(Activity) Each line from the one containing "Σχεδόν οι μισοί" to the end of the listing below should be repeated exactly, with no other line included.

(Dataset extract)

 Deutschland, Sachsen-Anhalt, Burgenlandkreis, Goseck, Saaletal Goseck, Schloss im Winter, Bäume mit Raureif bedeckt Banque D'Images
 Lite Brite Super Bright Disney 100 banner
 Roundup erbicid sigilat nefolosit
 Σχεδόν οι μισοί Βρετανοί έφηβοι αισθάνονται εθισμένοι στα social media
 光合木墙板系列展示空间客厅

(Response box)
 Σχεδόν οι μισοί Βρετανοί έφηβοι αισθάνονται εθισμένοι στα social media
 光合木墙板系列展示空间客厅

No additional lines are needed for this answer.